The pathogenesis of HAN was unknown. Likely causes were bacterial or viral contaminants, toxins in substances used to dilute the heroin, or heroin itself [3,7]. It has been suggested that black people might have a genetic predisposition for developing HAN [68].
In the 1980s, the incidence of HAN peaked [6], and FSGS associated with intravenous heroin abuse was described as a major cause of nephrotic syndrome and ESRD in addicts. HAN was considered a widespread problem in the United States, and the cost of treating patients with HAN and ESRD was substantial [6].
In 1984, a decade after the description of HAN, Rao et al. [9] described a new entity recognized, again, in heroin addicts and also in homosexual men, namely a rapidly progressive renal disease in association with the acquired immunodeficiency syndrome, termed HIV-associated nephropathy (HIVAN). Its characteristic pathological pattern was FSGS, and >85% of cases of HIVAN occurred in black (African-American) patients [10]. The disease usually resulted in nephrotic-range proteinuria (NRP) and unrelenting progression to ESRD, often within months of presentation.

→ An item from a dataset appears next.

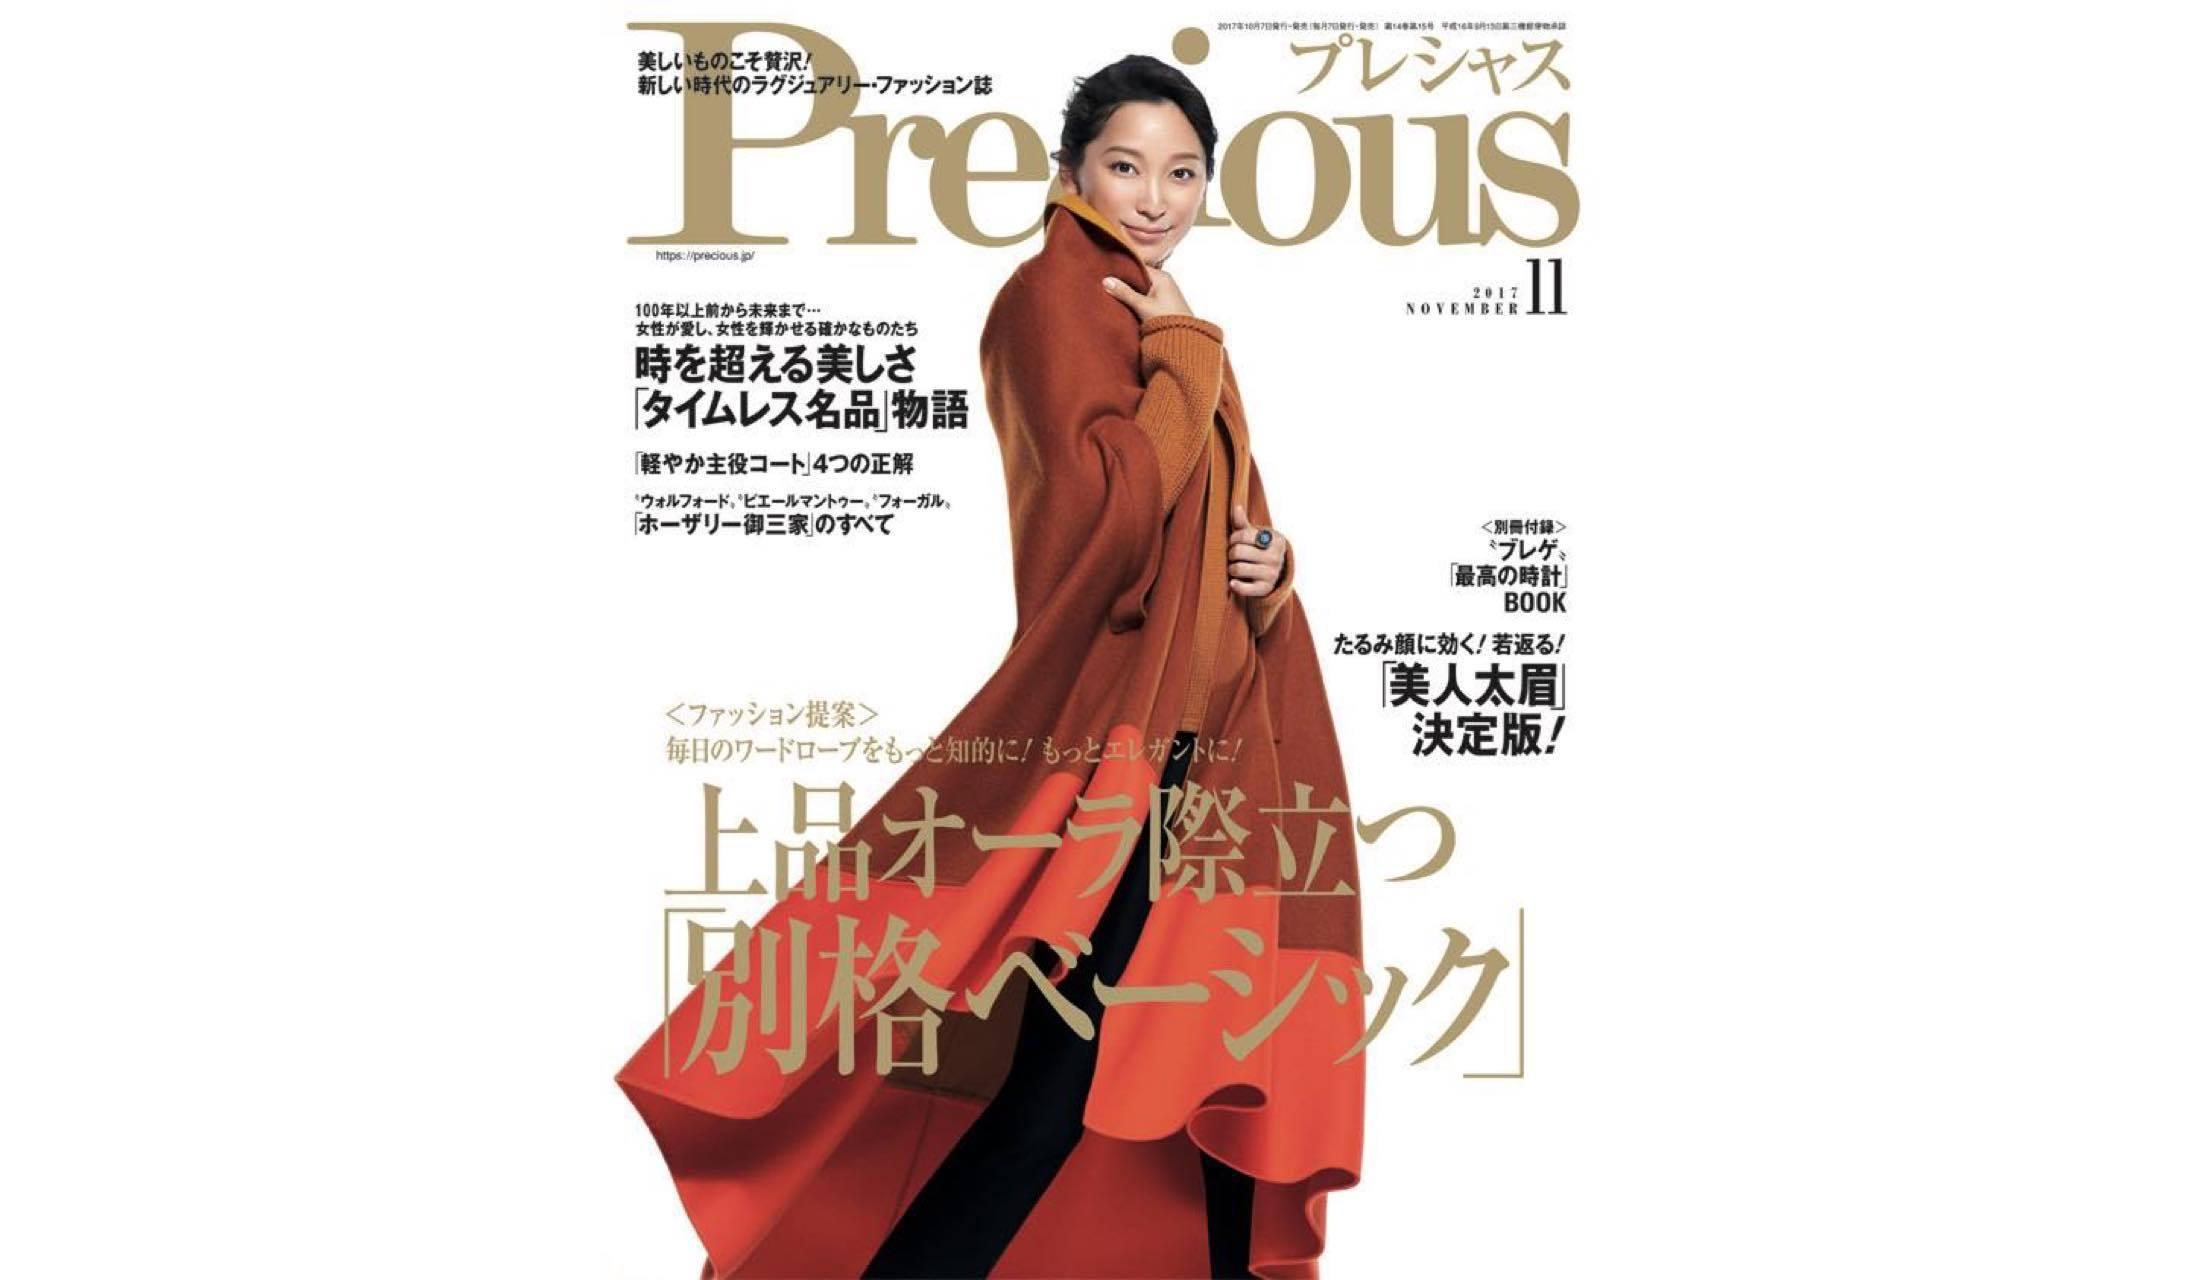 オレンジのコートとニットに身を包んだ女優・杏さんが表紙のPrecious11月号

Interestingly, the appearance of HIVAN was accompanied by a sharp decrease in the incidence of new cases of HAN since 1989. In 1995, Friedman and Rao [11] reported a decline in the incidence and then an absence of new cases of HAN-associated ESRD since 1990, although no decline was seen in heroin addiction.
At our institution, we observed the continued appearance of new cases of renal disease in Caucasian intravenous drug addicts, characterized by heavy proteinuria and renal failure. That prompted us to review the clinical and pathological data from all parenteral heroin addicts who were seen in our department and who had renal biopsies performed because of significant kidney disease between 1993 and 2001.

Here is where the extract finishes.